ASSIGNMENT. The whole listing that follows is to be restated word for word, images excluded.

PROVIDED MATERIAL.
=== Begin Enclosure ===
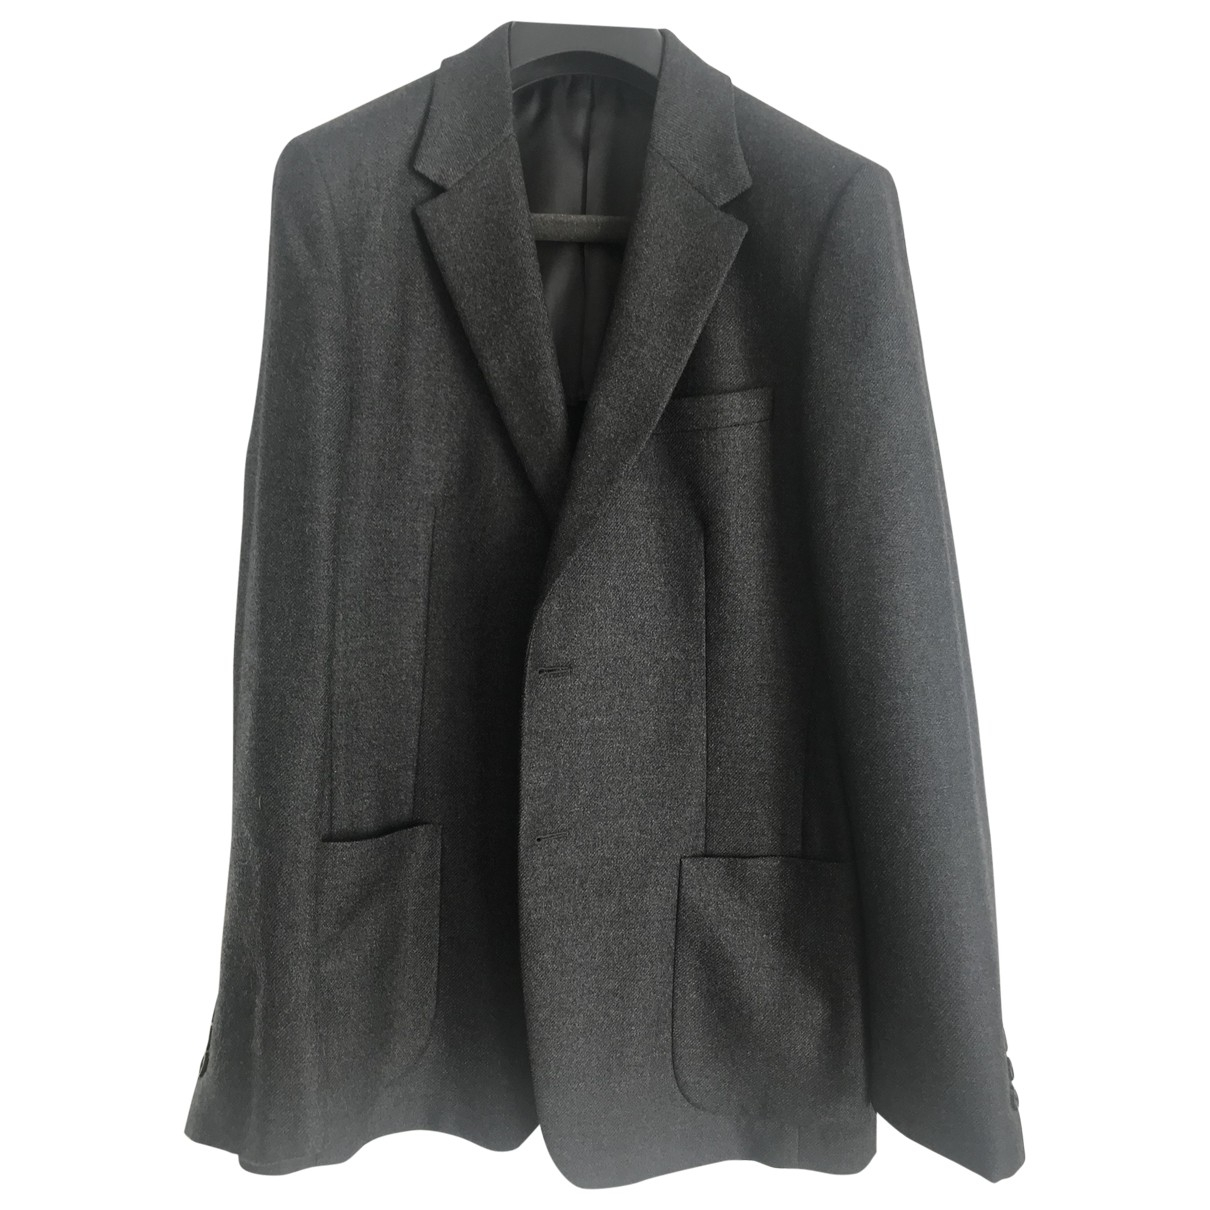 Prada \N Jacke in  Grau Wolle
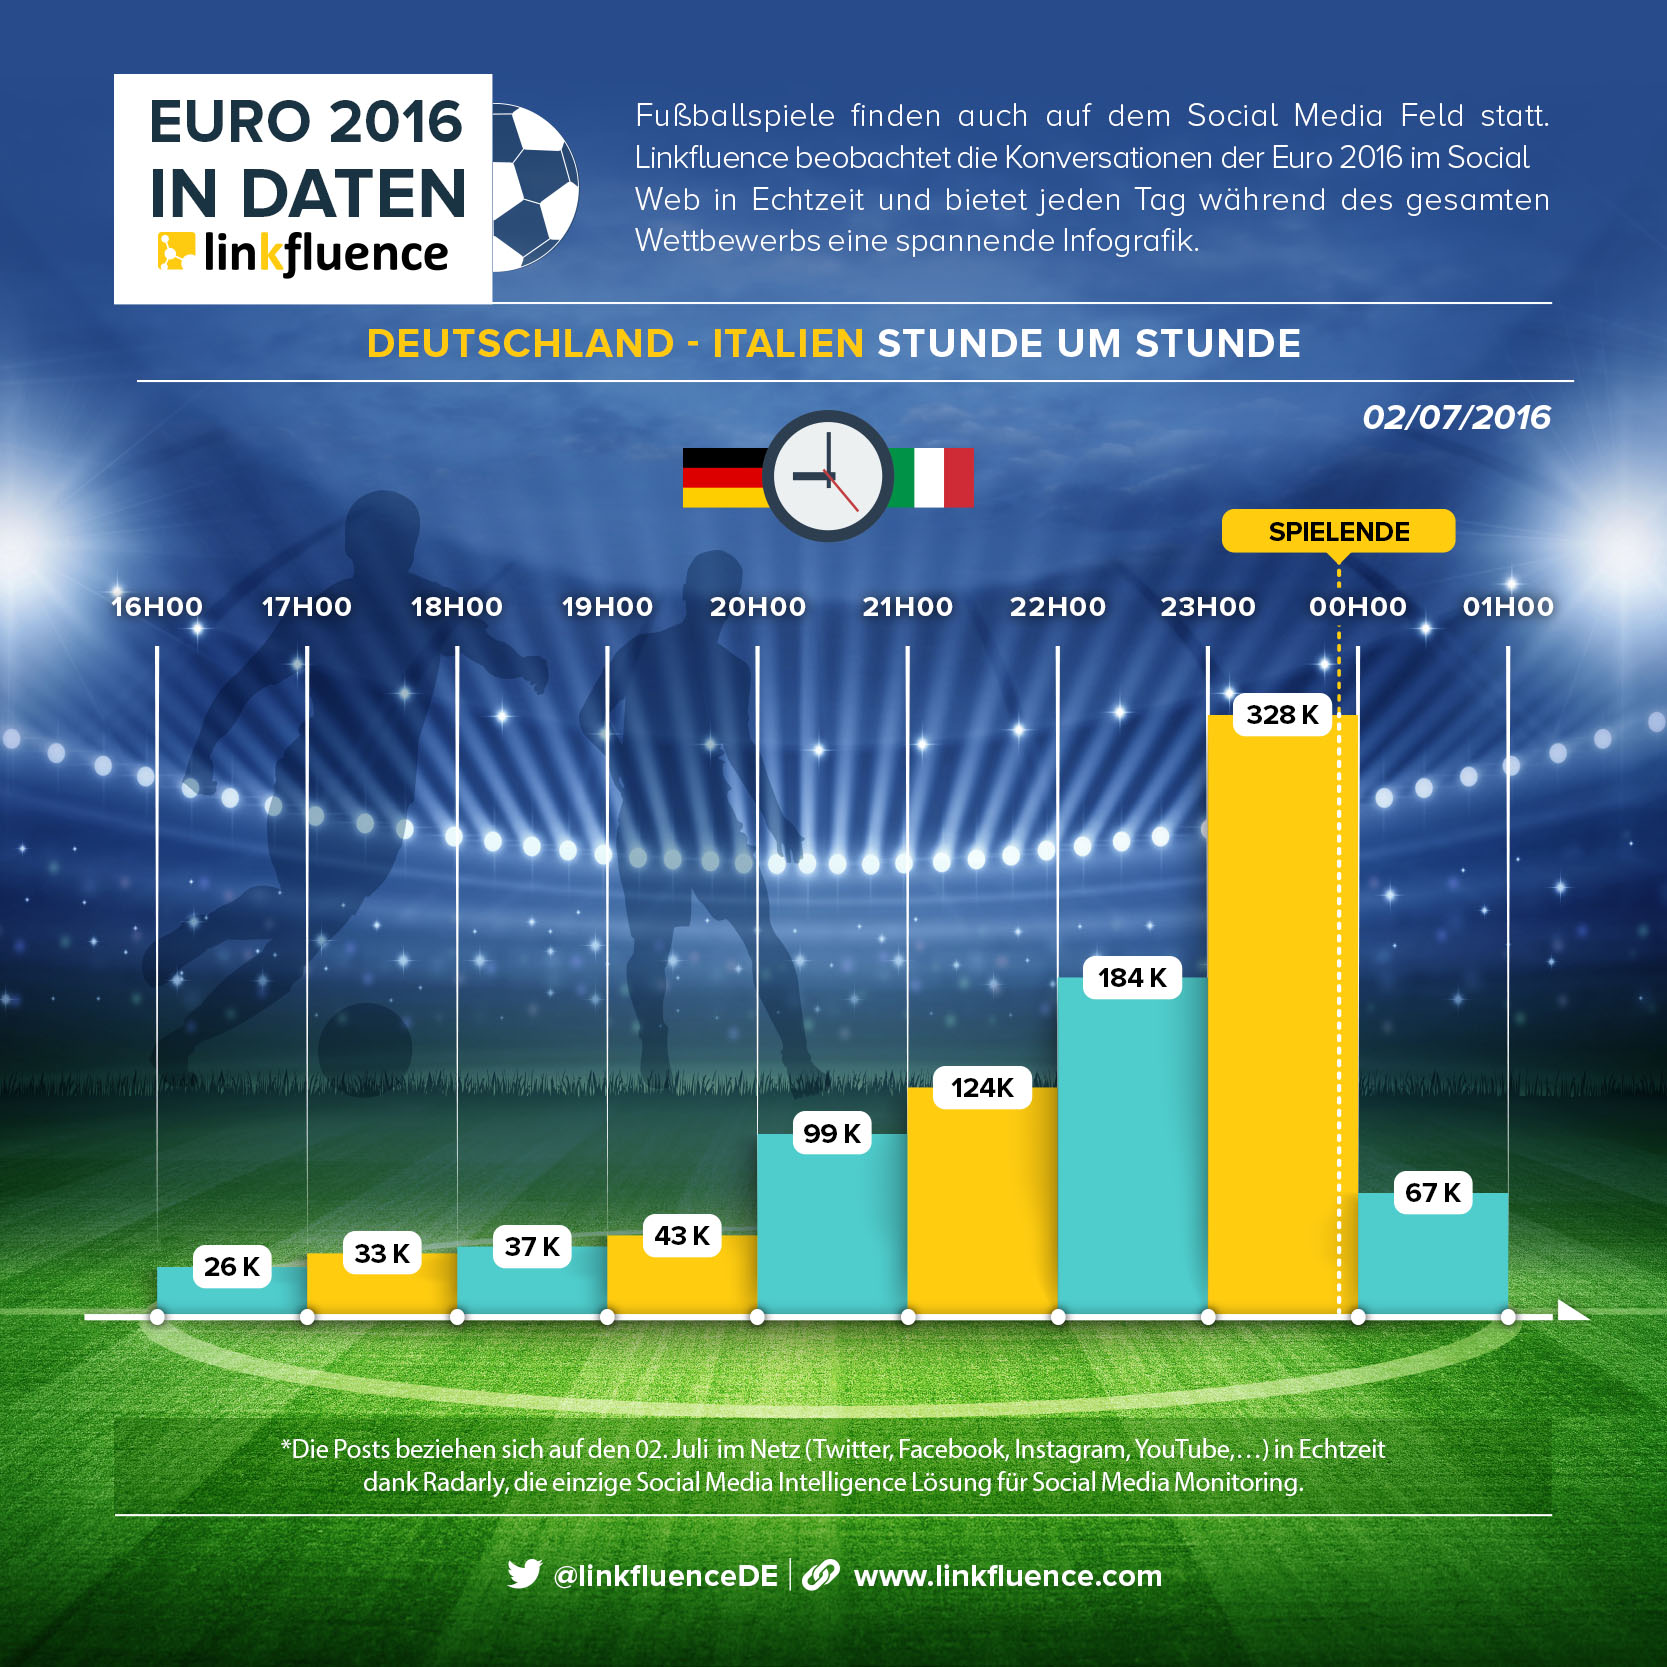 SEUL_EURO2016_CapsuleDigitale_Dimanche03-07_v1a
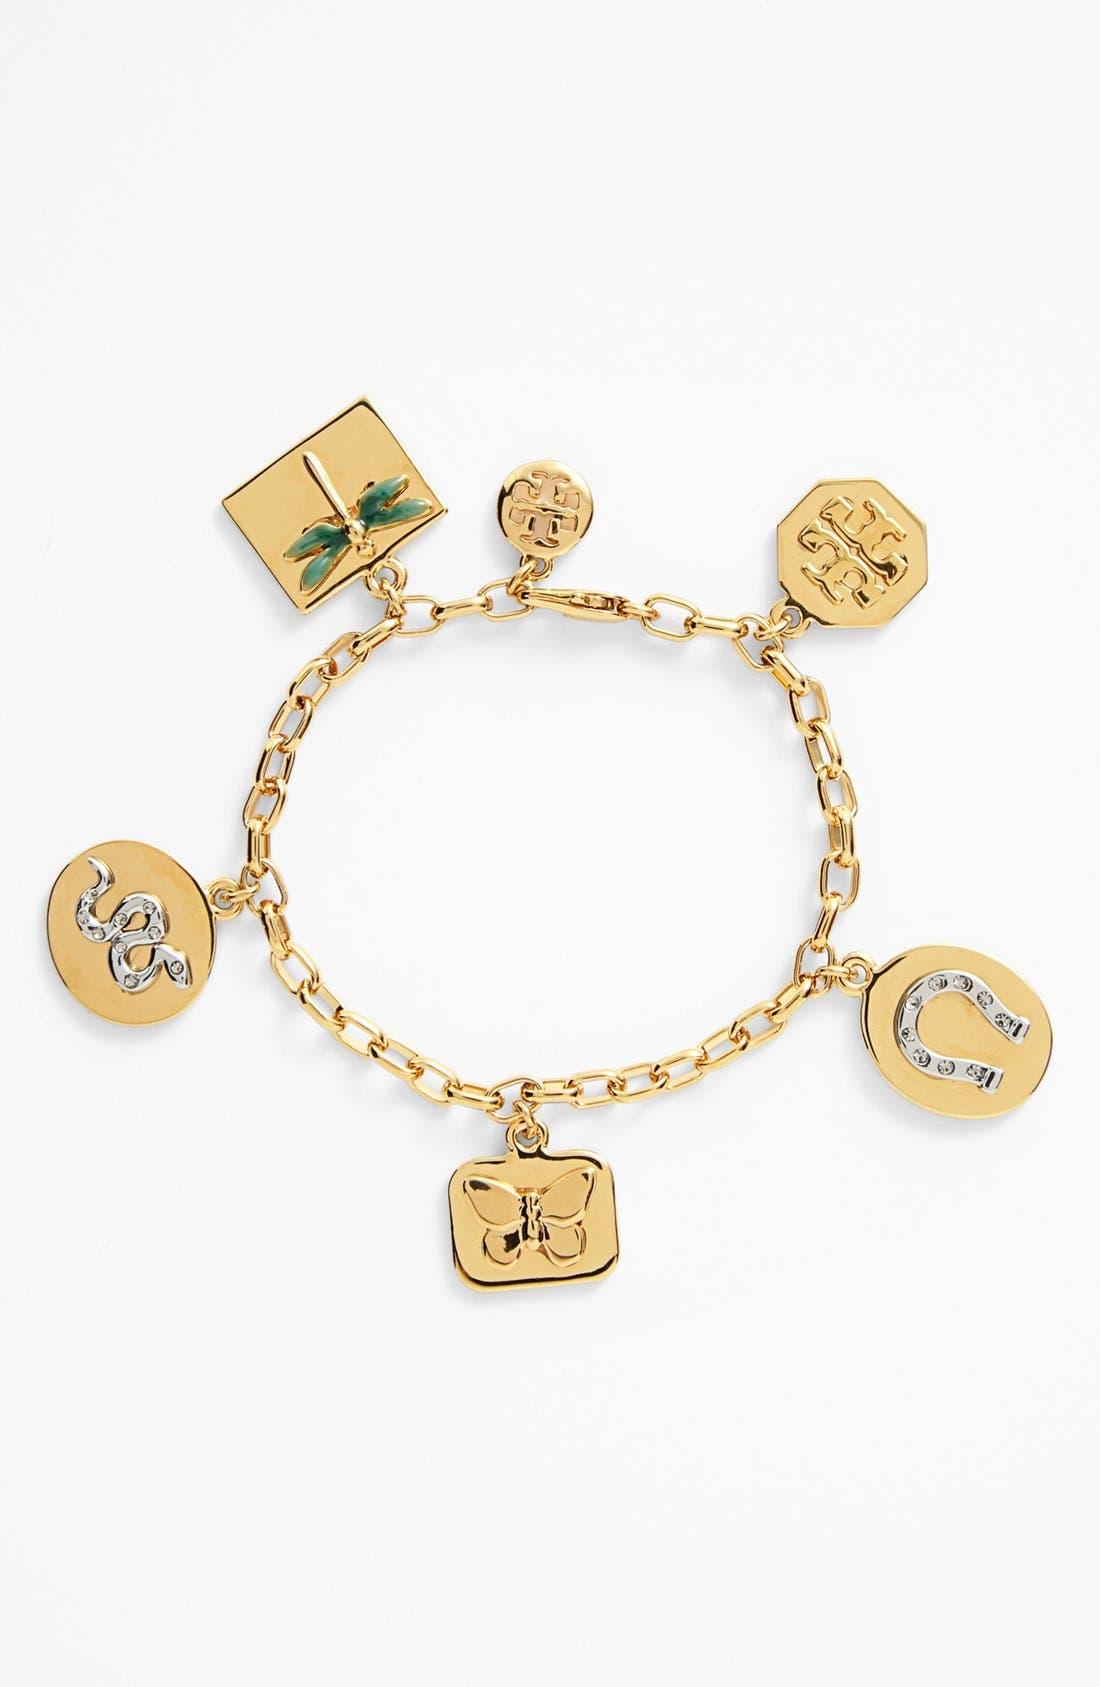 Main Image - Tory Burch 'Sylbie' Charm Bracelet
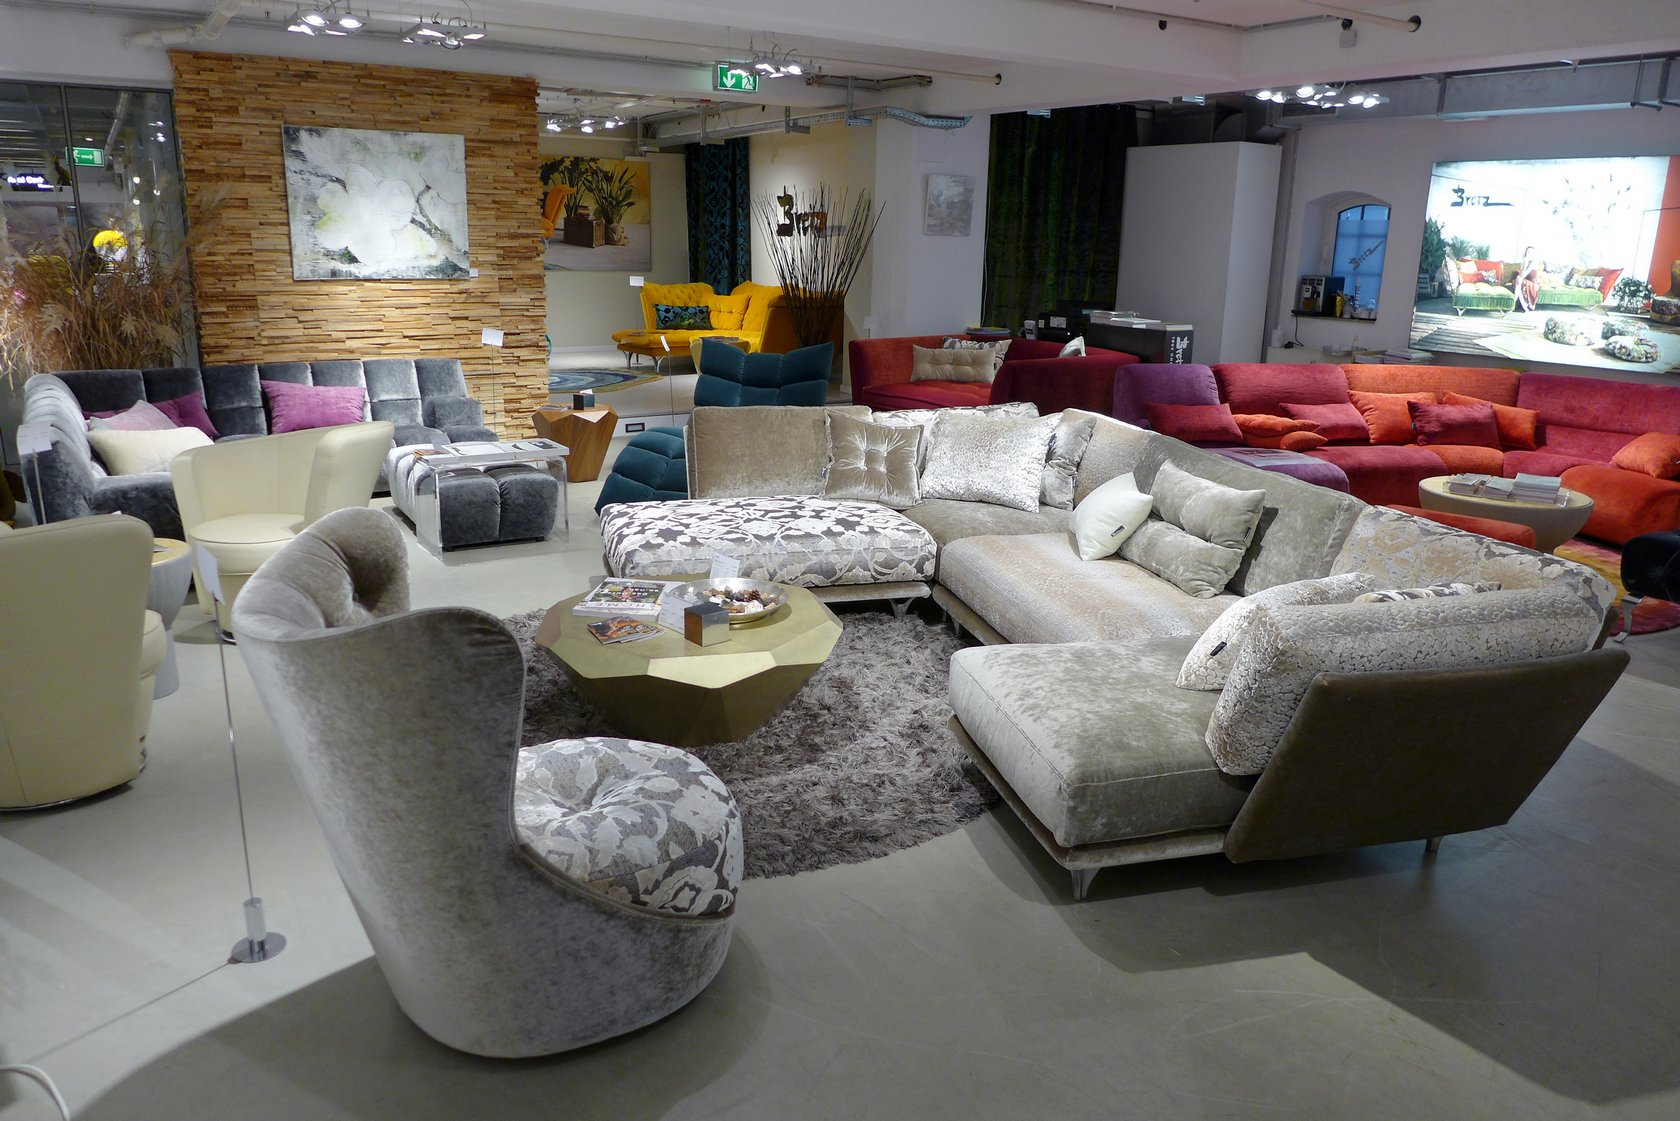 bretz flagship store hamburg stilwerk 2017 06 13 001 bretz store hamburg. Black Bedroom Furniture Sets. Home Design Ideas
=== End Enclosure ===
EXERCISE ANSWER.
 Prada \N Jacke in  Grau Wolle
 SEUL_EURO2016_CapsuleDigitale_Dimanche03-07_v1a
 Main Image - Tory Burch 'Sylbie' Charm Bracelet
 bretz flagship store hamburg stilwerk 2017 06 13 001 bretz store hamburg. Black Bedroom Furniture Sets. Home Design Ideas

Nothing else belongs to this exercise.